Operators and Expressions

Otherwise

The otherwise operator has two operands. The value of the first operand will be returned only if non-empty; otherwise, the value of the second operand will be returned. The expression…
$value otherwise $fallback
…is equivalent to:
if (exists($value)) then $value else $fallback
The operator can also be chained:
$node/(@full-name otherwise @name otherwise @id)

Pipeline Operator

The pipeline operator -> evaluates an expression and binds the result to the context value before evaluating another expression. It can be used to easily chain multiple expressions that would otherwise be expressed with verbose FLWOR expressions. Examples:

Tokenizes a string, counts the tokens, creates a concatenated string and returns count=3:

'a b c' -> tokenize(.) -> count(.) -> concat('count=', .)

Calculates the sum of powers of 2 and returns 2046:

(1 to 10) ! math:pow(2, .) -> sum(.)

Reduces a long sequence to at most 9 elements, with dots appended, and returns a single string:

$dictionary/word
-> (if(count(.) < 10) then . else (.[1 to 9], '…'))
-> string-join(., '; ')

Mapping Arrow

The mapping arrow operator =!> complements the XQuery 3.1 arrow operator =>. It applies a function to each item in a sequence. In the following example, an input string is tokenized, the strings are replaced by an integer indicating the string length, and the resulting tokens are concatenated as string:
'You never know'
=> tokenize()
=!> string-length()
=> string-join(', ')
The result is:
3, 5, 4

Maps and Arrays

Map Order

Unlike in the past, map entries will retain the order in which they are inserted into a map. The order is preserved when creating maps with the Map Constructor, with map:build, map:merge, or map:of-pairs. If map:put is used, new entries will be appended to the existing entries. The order gets visible when a map is serialized, or when iterating over its entries:
map:for-each(
  { 3: 'three', 2: 'two', 1: 'one' },
  fn($k, $v) { $k || ': ' || $v }
)
…returns:
3: three
2: two
1: one
Note that, due to backward-compatibility, fn:deep-equal ignores the order. The following query returns true:
deep-equal(
  { 3: 'three', 2: 'two', 1: 'one' },
  { 1: 'one', 2: 'two', 3: 'three' }
)

Map Constructors

The keyword map in map constructors has become optional. The following expressions return the same map:
{ 1: 'one', 2: 'two' }
map { 1: 'one', 2: 'two' }
Note that the new syntax is similar to the JSON syntax. However, it is not identical, and it is more powerful because you can include arbitrary expressions that are evaluated when the map is generated.
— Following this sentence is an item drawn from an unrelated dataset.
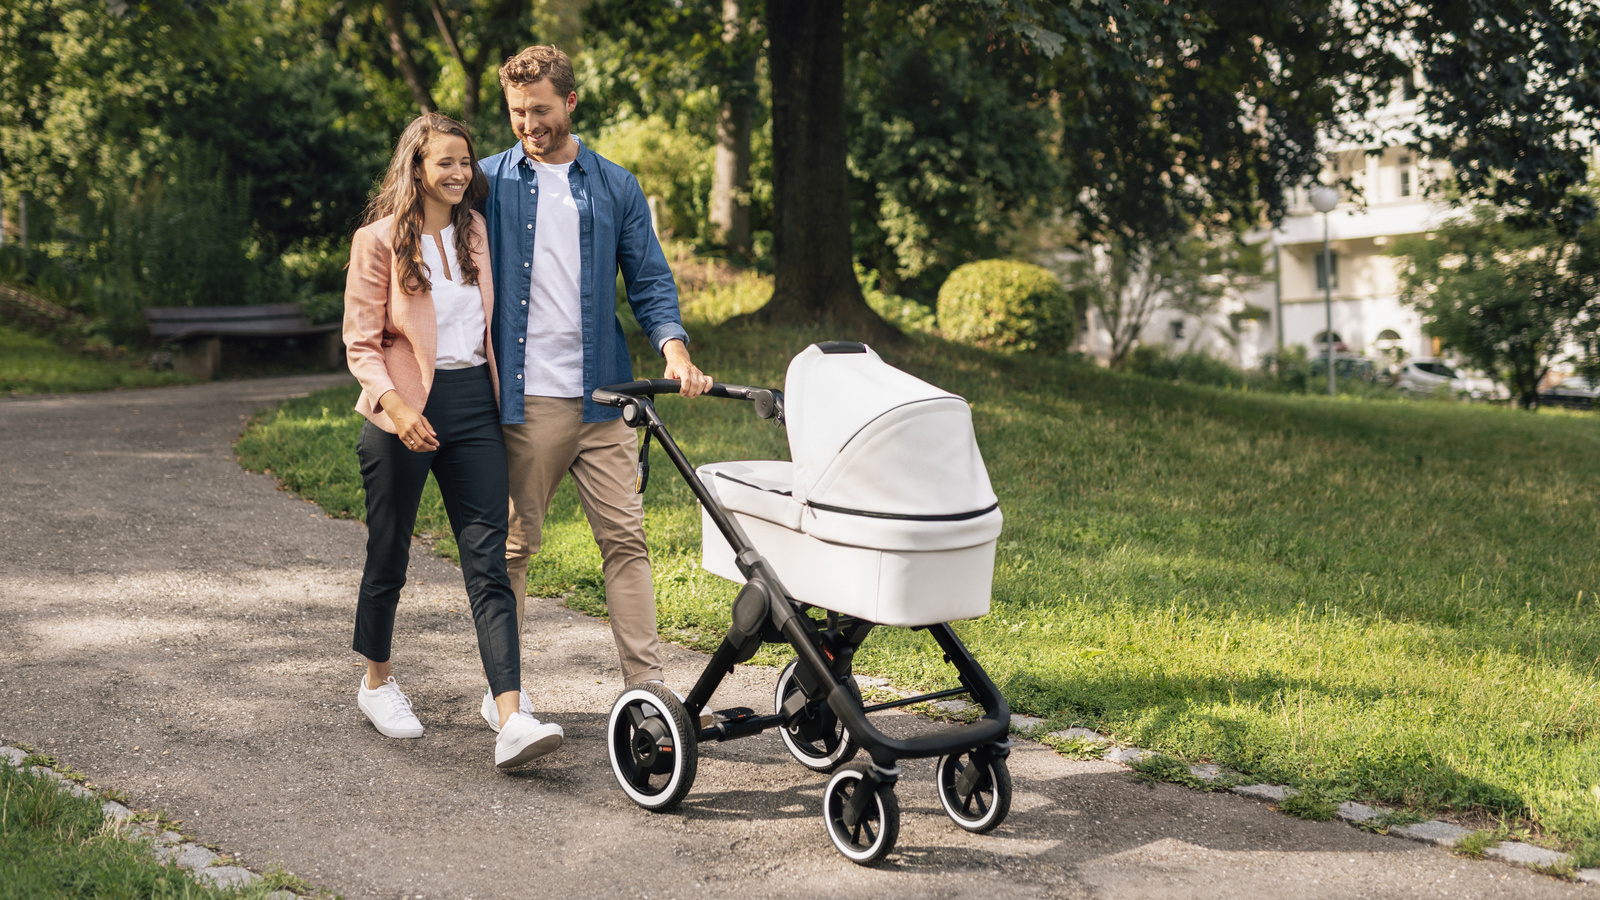 From the wind tunnel to the sidewalk: Bosch is bringing smart electrical drives to strollers
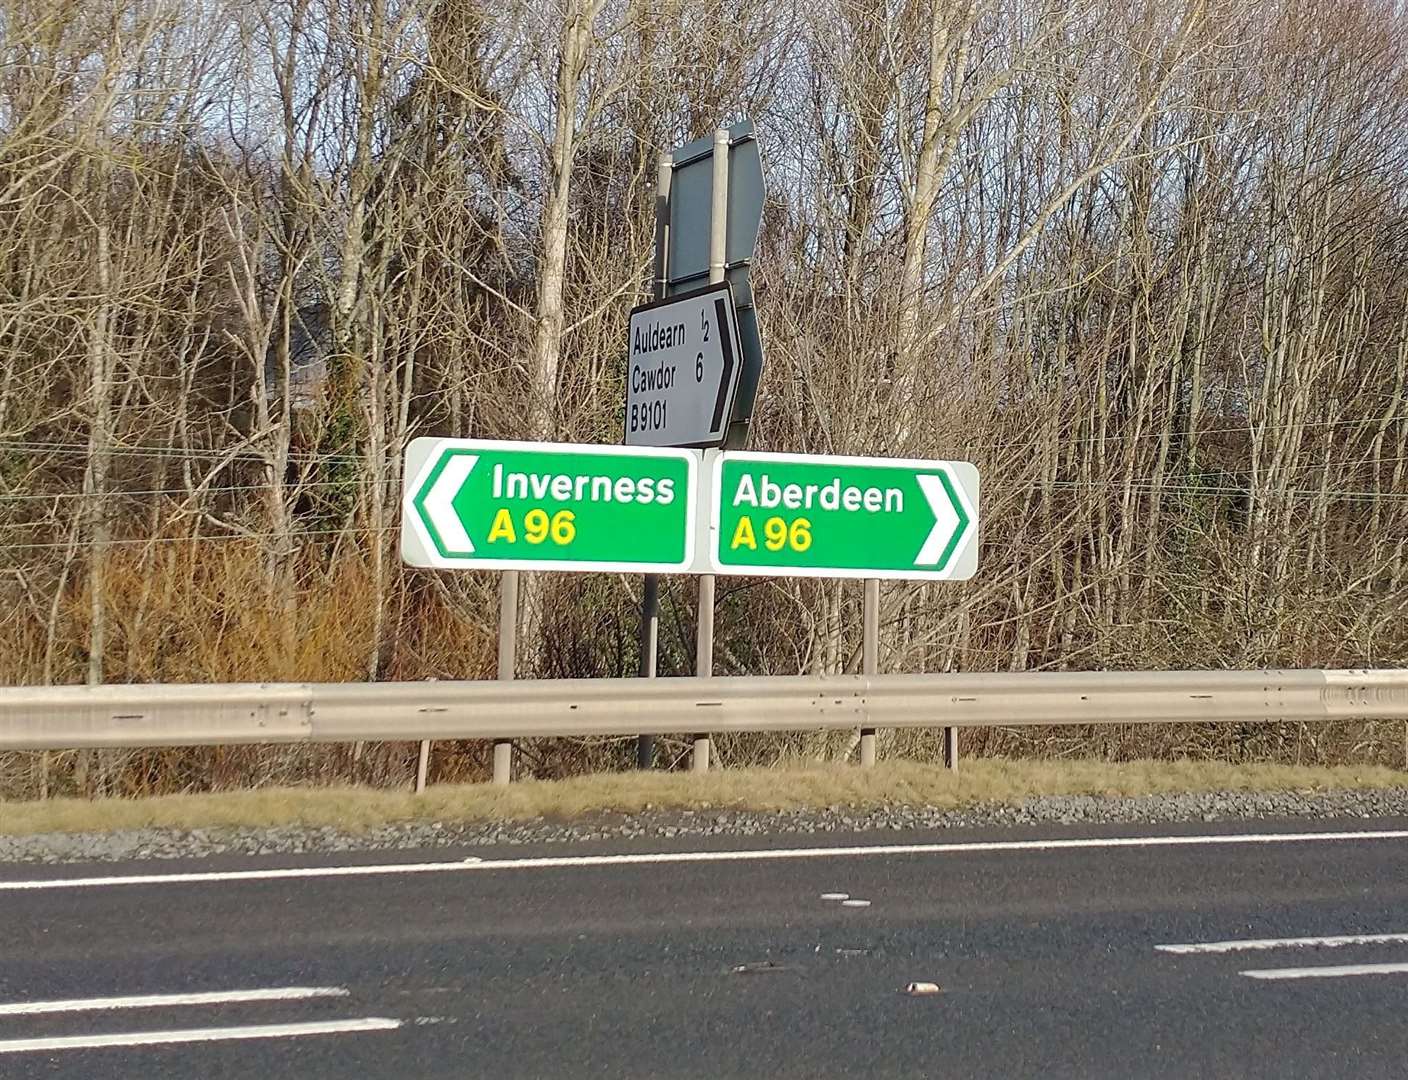 The lack of progress on dualling the A96 is continuing to cause frustration.

For example, you can use variables and arbitrary complex expressions to create the keys and values:
let $xml := document {
  <text>
    <line>Hi there</line>
    <line>Bye there</line>
  </text>
}
for $line at $pos in $xml//line
return { $pos: data($line) }

Map and Array Filter

Added:

Maps and arrays can be filtered with the syntax EXPR?[PREDICATE]:

Map Filter

If EXPR yields an map, PREDICATE is evaluated for each pair of the map, represented as { 'key': KEY, 'value': VALUE }. Again, the result is a map containing those entries for which the predicate returns true.

The following example returns { 1: 'one' }:

{ 1: 'one', 2: 'two', 3: 'three' }?[?key = 1]

The following example creates a map with 12 entries and returns { 'jul', 7: 'aug': 8 }, i.e., a map with all entries whose key contains u and whose value is greater than 6:

let $map := map:build(
  tokenize('jan feb mar apr may jun jul aug sep oct nov dec'),
  fn($value, $pos) { $value },
  fn($value, $pos) { $pos }
)
return $map?[contains(?key, 'u') and ?value > 6]

Array Filter

If EXPR yields an array, PREDICATE is evaluated for each member of the array. The result is an array containing those members for which the predicate returns true.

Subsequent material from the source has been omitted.